- Born: 1 September 1938 Beirut, Lebanon
- Died: 10 December 2020 (aged 82) São Paulo, Brazil
- Citizenship: Lebanon; Brazil;
- Organization: Safra Group
- Known for: The richest banker in Brazil
- Spouse: Vicky Sarfati
- Children: 4, including Alberto J. Safra
- Father: Jacob Safra
- Relatives: Moise Safra (brother); Edmond Safra (brother);

= Joseph Safra =

Lebanese-Brazilian banker (1938–2020)

Joseph Safra (يوسف صفرا‎; 1 September 1938 – 10 December 2020) was a Lebanese Brazilian banker and billionaire businessman. He was Brazil's richest man and the richest banker in the world, running the Brazilian banking and investment empire, Safra Group.

Joseph Safra was the chairman of all Safra companies, among them Safra National Bank of New York and Banco Safra headquartered in São Paulo, Brazil.
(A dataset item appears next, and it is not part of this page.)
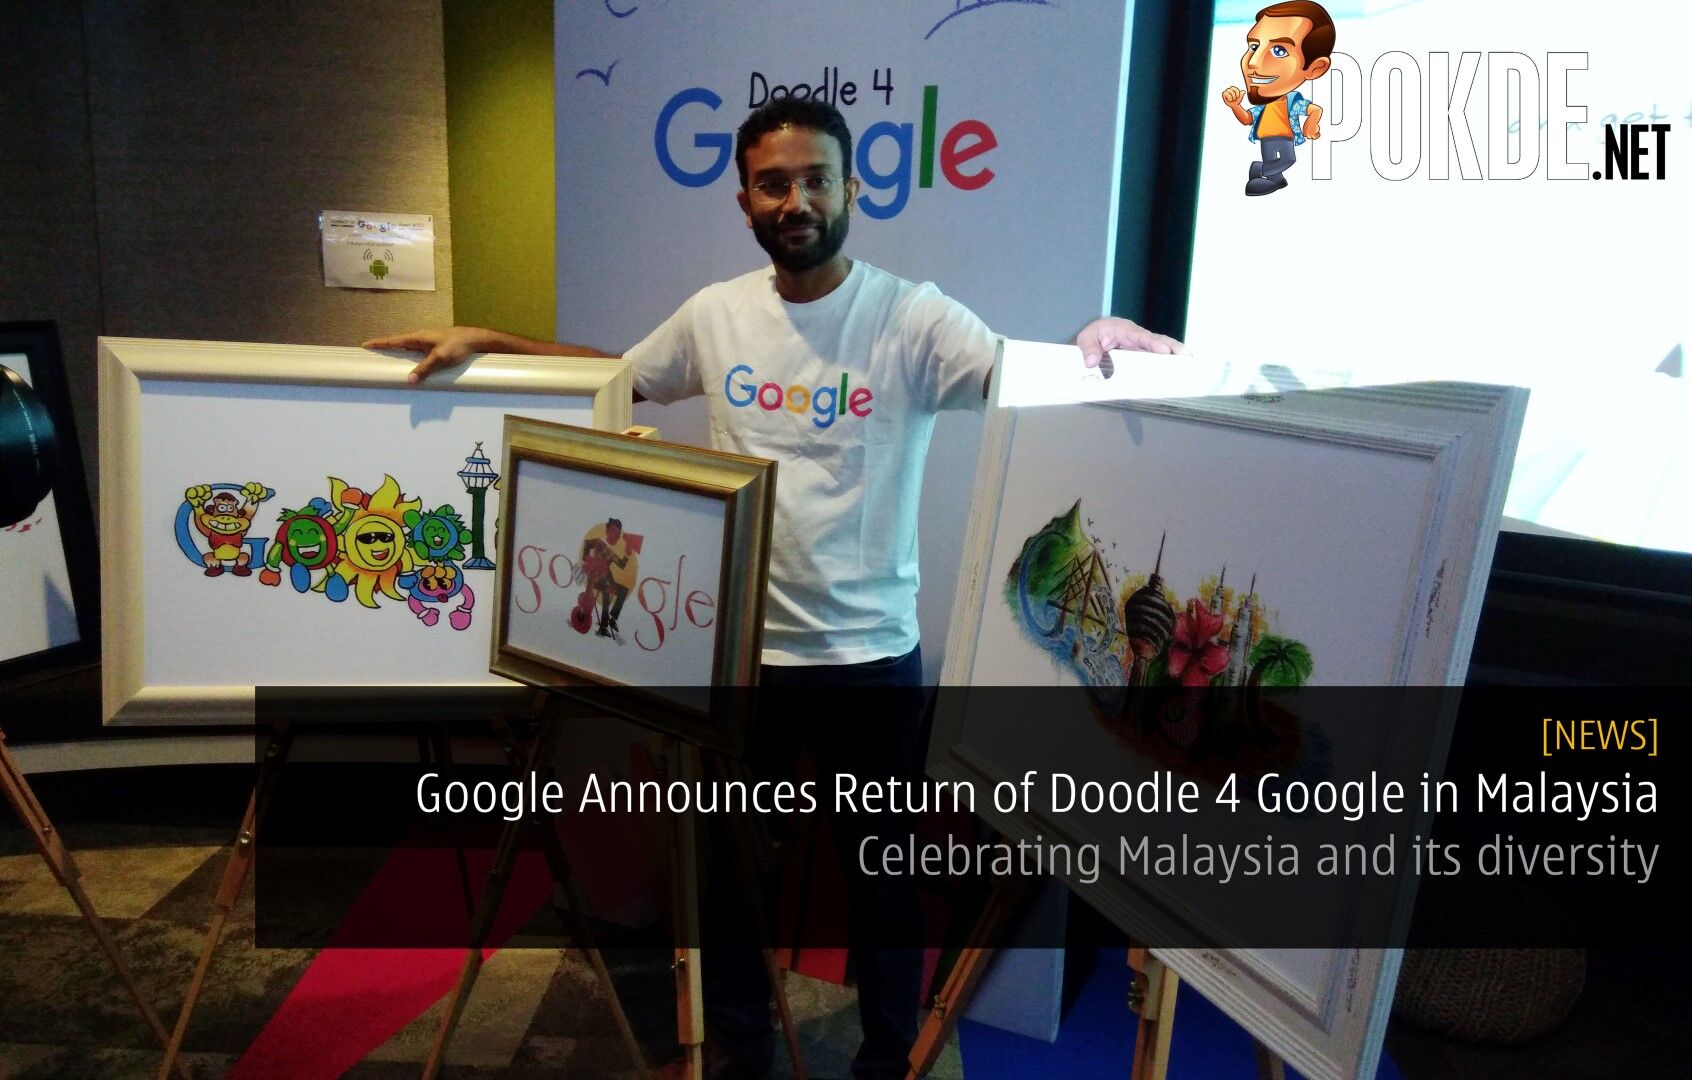 Google Announces Return of Doodle 4 Google in Malaysia - Celebrating Malaysia and its diversity 22

In August 2020, Forbes reported Safra's estimated net worth at US$22.8 billion, the 52nd richest person in the world and richest in Brazil.

==Early life==
Joseph Safra was born and raised in Beirut, Lebanon to a Jewish family that, according to Safra family's own sources, originally came from Aleppo, Syria, and with banking connections dating back to Ottoman times. The family's banking history began in Aleppo with the foundation of the family's first banking house in 1841, Aleppo was one of the major hubs of commerce and a mandatory route from the East to Europe, and from the latter to Persia and inner Asia. The Safra family financed trade and exchanged currencies for tradesmen, who came to the city through the desert and the Mediterranean, they were also involved in the Gold trade. The Safra family moved to Brazil in 1953, where his father founded an import and retailer of machinery, metal and cattle company, the a Safra Importação e Comércio.

== Career ==
In 1955, Joseph's 23-year-old brother, Edmond Safra, and his father, Jacob Safra, started working in Brazil by financing assets in São Paulo. However soon, Edmond Safra separated from his brothers Joseph and Moise and headed to New York City where he founded the Republic National Bank of New York (which he later sold to HSBC in 1999 and donated most of his money to the Edmond Safra Foundation). Joseph Safra founded Banco Safra in 1955 and today it is reportedly the 6th largest private bank in Brazil. In 2006, Joseph Safra acquired the remaining shares of Banco Safra from his brother Moise Safra. He remained the chairman of the Safra Group, offering banking services throughout Europe, North America, and South America, until the end of his life.

=== Property ===
In 2013, Joseph Safra's family acquired more than a dozen properties in the United States, primarily in New York City. They also own a portfolio of commercial real estate in Brazil, including the Safra Mansion in São Paulo.

In 2014, Safra paid more than £700 million to buy The Gherkin, one of the most distinctive towers in the City of London. He proposed to build the Tulip, a skyscraper in London, but the city's mayor rejected it in 2019. He founded the Jewish Brazilian school of Beit Yaacov in 2001.

===Business holdings===
- Chiquita
- Safra Group
  - Banco Safra
  - J. Safra Sarasin
  - Safra National Bank of New York

==Personal life==
Safra was a resident of Geneva, Switzerland. In 1969, he married Vicky Sarfati. They had four children: Jacob J. Safra, Esther Safra (married to Carlos Dayan, son of Sasson Dayan), Alberto J. Safra, and David J. Safra. Jacob is responsible for the international operations while David manages Banco Safra in Brazil.

Safra died on 10 December 2020 in São Paulo at the age of 82. He had Parkinson's disease.

After his death, his son Alberto sued his brothers' Jacob and David contesting his father's will.